【下城區·下水道上方】
潮濕的磚石路,遍布深綠色苔蘚的石牆,以及空中飄散的難以言喻的變質異味,構成了這片貧民區的底色。
洛德踏足此地的時候,首先將茜拉麵具輕輕按在了臉上。
血絲纏繞,穿透肌膚,女性的面容緩緩浮現。
他目前的想法很簡單,只要在協會面前露個面,而後當場取下面具,應當就能把協會的目光從茜拉身上轉移。
偽裝完成,洛德走入貧民區的街道。
嗒,嗒。
黑靴踏上濕水的路面,起落間發出響聲。
貧民區內的居民們立即發現了他,但也只是愣愣地望了他一眼。
與其他區域的居民不同,此地的居民似乎格外呆滯。
大多數居民都失神落魄坐在肮髒的地上,或靠在爛掉的牆上,或趴在樓房的斷壁上,靜靜地發呆。
偶爾他們也會怪叫一聲,發狂似地扣著眼珠,捂著雙耳與腦袋,蜷縮地蹲成一團,口中呢喃著乞求的話語。
“嗚……嗚……讓我離開……”
“別再看著我了……”
“救救我……救救我……”
類似的意義不明的話語縈繞耳畔,洛德走過他們,當路過一名蓬頭垢面的乞丐時,乞丐突然暴起抓住了他的右腿。
“畫家,畫家!嗚嗚,有怪物啊……”
洛德低頭,看見乞丐的眼眶早已空洞,失去眼睛的眼窩中結著暗紅色的血痂。
他原地停了一會,等乞丐的力氣稍有松懈之後,才掙脫對方繼續前行。
貧民區的小巷四通八達,破破爛爛的房屋雜亂無章地堆砌在一起,高低錯位,方位混亂,如同一個小型的迷宮。
根據茜拉所說,此處是協會最近頻繁出沒的地方。
洛德走到小巷盡頭,眼前是一間緊閉房門的木屋,木屋周遭遍布青苔,牆壁上有黑紅色的顏料刻畫的模糊人像。
說是人像,但洛德也不能確定,因為這人像只是有著大致的四肢輪廓,看不清面容,軀幹部位似樹枝般生長出密密麻麻的分叉,向外蔓延,每一個分枝上,又畫有大大小小的蒼白眼球,看上去就令人惡心。
洛德伸出右手,小心地觸摸了一下人像畫。
尚帶有濕氣,不完全乾涸,顯然作畫的時間並不久遠。
然而,就在洛德收回手的刹那,一股若有若無的窺視感突然降臨。
洛德敏銳的直覺第一時間察覺到這種窺視,他集中起精力查找源頭,卻皺起了眉。
窺視似乎並不來源於某一個方向,而是……
四面八方。
如同置身於一個巨大的球體中心,被毫無死角地觀望著。
洛德快速起身,警惕地環顧四周,但這種窺視感沒有絲毫消退,並且越來越強烈。
隨之而來的是,他本能產生的危機感也開始不斷加重。
陰暗的屋簷下……
濕滑的苔蘚間……
磚石的縫隙裡……
每一個居民的後背,皮膚上……
似乎有成百上千顆無形的眼珠正凝望著他,刺痛著他的感官。
瘋狂的凝視,無法察覺的目光,洛德的感知不斷地拉起極度危險的警報,強烈的危機感密不透風地籠罩著他,越來越濃烈。

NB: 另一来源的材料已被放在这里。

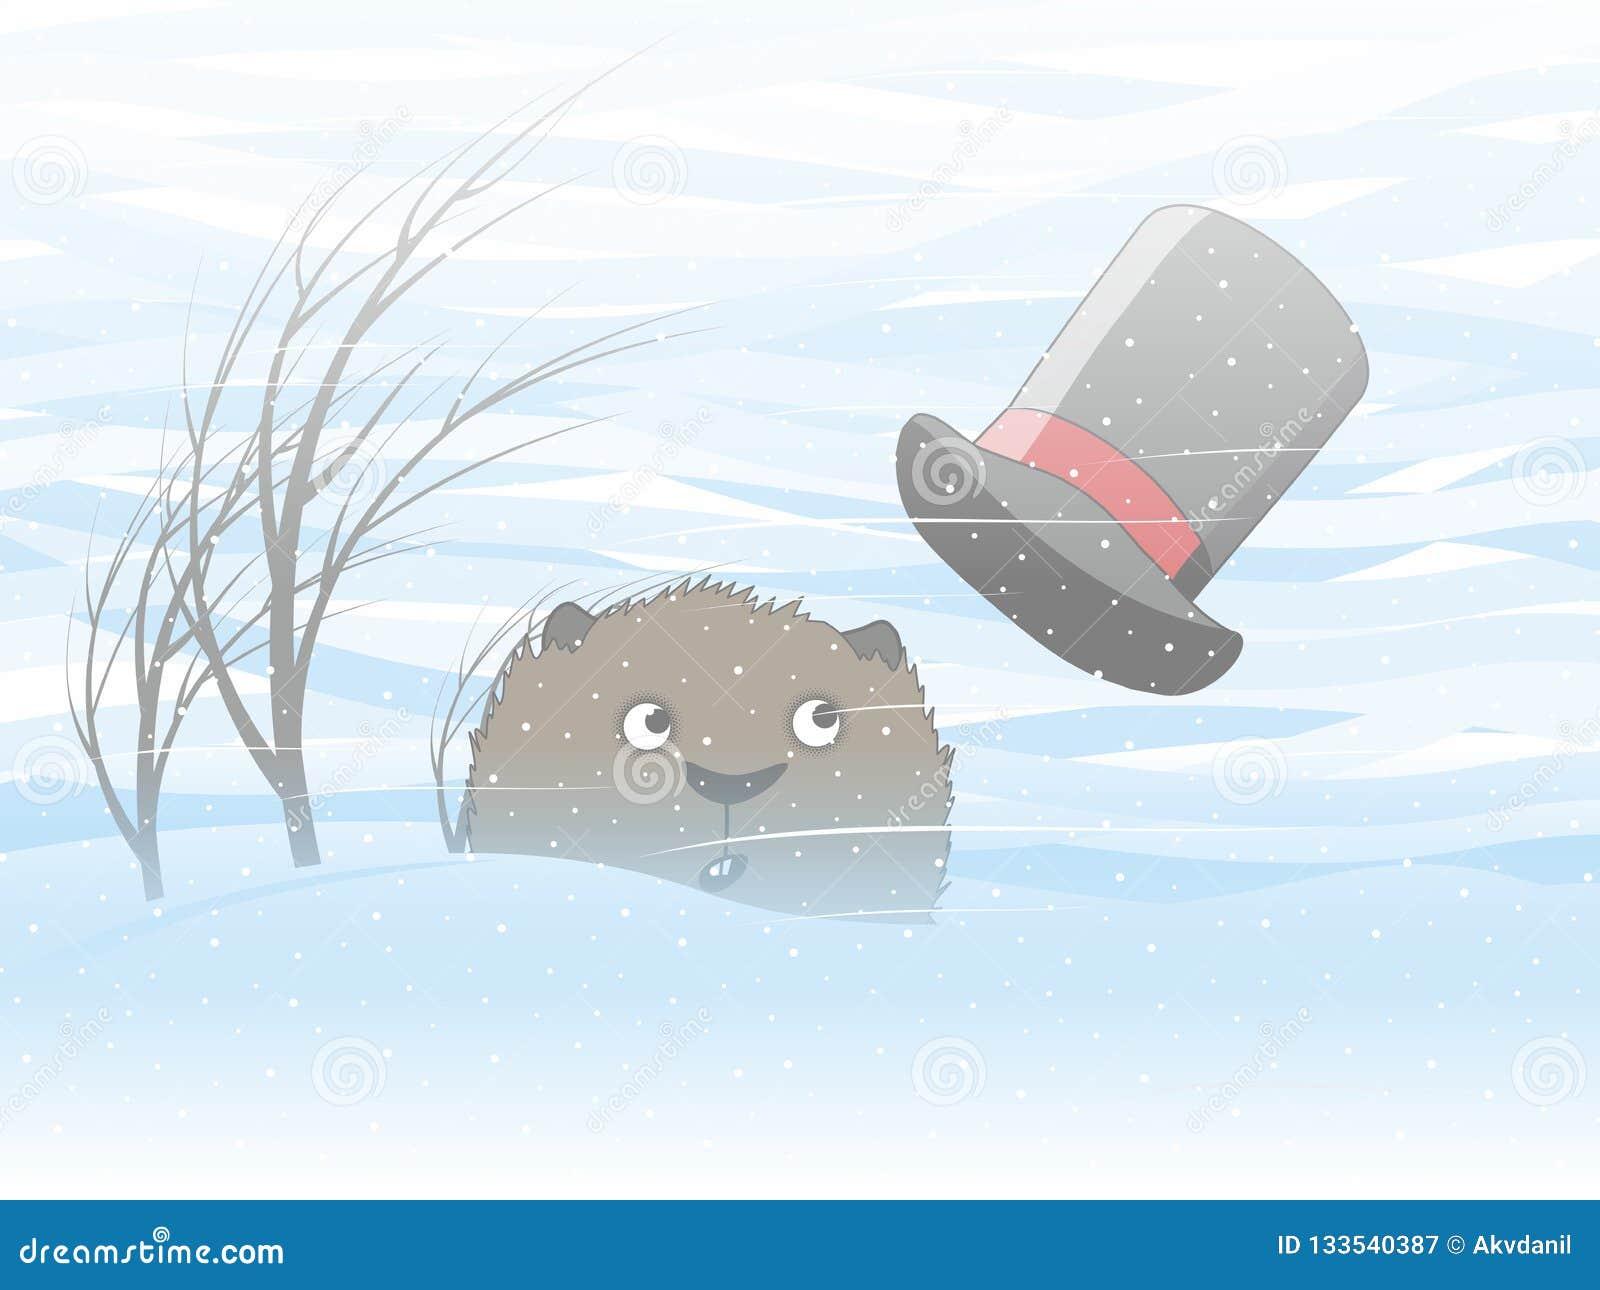 Groundhog Dzień
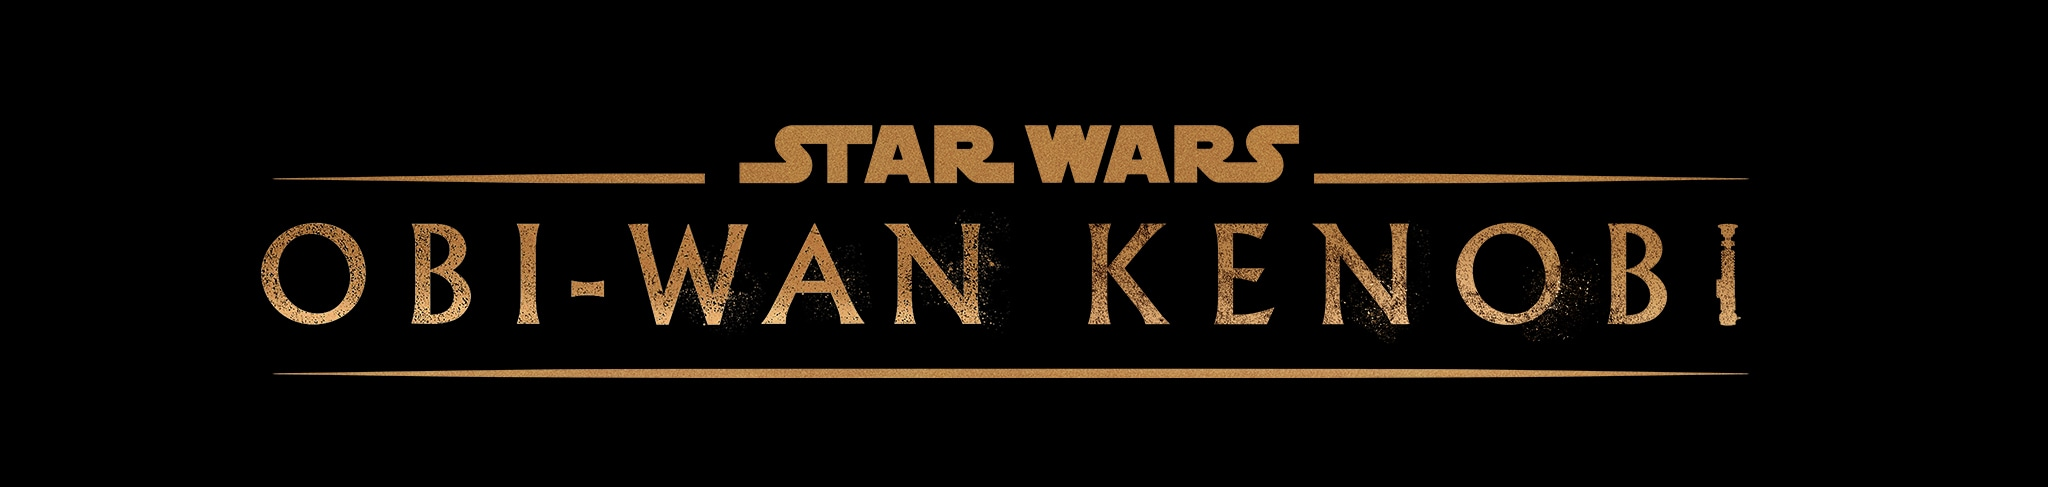 Star Wars | Obi-Wan Kenobi

洛德瞳孔的視覺能力開始消退,事物漸漸模糊,光影逐漸陷入黑暗;耳中嗡鳴聲不斷,不知何種言語的呢喃聲也緩緩響起;就連他的雙手,也在本該無形的空氣中慢慢地感知到了濡濕的黏滑。
五感被逐步封鎖,連同大腦的思考都變得愚鈍。
就在洛德眼中的光亮徹底消散之時,他遲鈍的腦部艱難地將釋放出去的感知力收攏回自己身邊。
當全部感知力被回收之時,那可怖的危機感才如潮水般瞬間退去。
陽光再度回歸視線,耳鳴消弭無蹤,一切詭異全部消失。
砰。
恢復正常的刹那,洛德不受控制地單膝跪倒,大口大口呼吸著空氣,神情滿是凝重。
他甚至還沒見到協會的人,就已經陷入了莫名其妙的困境!
他過高的感知引發了本能的危機感,而不斷上升的危機感又覆蓋了他自身正常的感知系統。
這種情況下,他只能主動限制感知,但這也意味著他無法預知危險。
一個兩難的境地。
不過,這也證明了茜拉的話,此處確實有協會活動的痕跡。
他沒有來錯地方。
洛德緩了好一會,才起身繼續向木屋右側的小巷前行,只是這一次,他只能用肉眼判斷危險。
越是深入狹窄的巷道,居民的狀況便越是異常。
在牆邊重複用頭撞牆的;抱著骨瘦如柴的雙臂哭泣的;趴在路中間一動不動的;還有盯著某個黑暗角落發呆的。
沒有一個正常的人。
還算幸運的是,他們都忙著自己的‘事情’,沒有表現出攻擊欲望。
在洛德轉過不知道幾個拐角之後,他聽到了沉重的腳步聲。
在這個古怪的貧民區,正常人的腳步聲可謂是十分稀有。
洛德放緩了步伐,輕聲慢步地貼近著腳步聲的來源。
腳步聲的主人似乎毫無察覺,依舊沉穩而有序地前行著。
最終在一個直角拐彎處,二人僅相隔一個拐彎的距離。
洛德停下了腳步,默不作聲地從筆記本中抽出兩米長大鐮刀,準備突襲。
然而,幾乎是洛德停下腳步的時刻,對方也同時停下了腳步。
緊接著, 一道沉穩的男聲傳來:
“拐角後的朋友,我事先聲明,我沒有惡意,只是恰好路過這裡。”
“接下來我要走出去了,懇請你不要對我動手,因為我家裡還有四十歲的老母親。”
正說著,拐角後緩緩走出一位壯碩的男人,他舉著雙手示意自己無害,穿著白色的普通麻布衫,褲子也是商店的平民款式。
然而……
咻!
洛德的鐮刀猛地劃下,切向男人的右臂。
若男人不閃躲,必然割下他的手臂。
但是,男人就這麽傻傻地站著,望著鐮刀斬下,似是根本沒反應過來。
呼!
刀尖在距離男人右臂上方一寸的地方及時止住,余下的風吹起男人的衣袖。
“呼呼呼,嚇死我了,獵人小姐,我差點以為我的右手要沒了!”
現在才反應過來的男人驚魂未定,連聲驚呼。
借此,洛德也看清了男人的樣貌,一張十分眼熟的臉——正是那天給予了他【賭徒銅幣】的那個賭漢。
“是我臉上有花嗎?”
驚呼過後,賭徒對上了洛德凝視的目光,伸手捏了捏自己的臉,但什麽也沒摸到。
“沒事就早點離開這裡。”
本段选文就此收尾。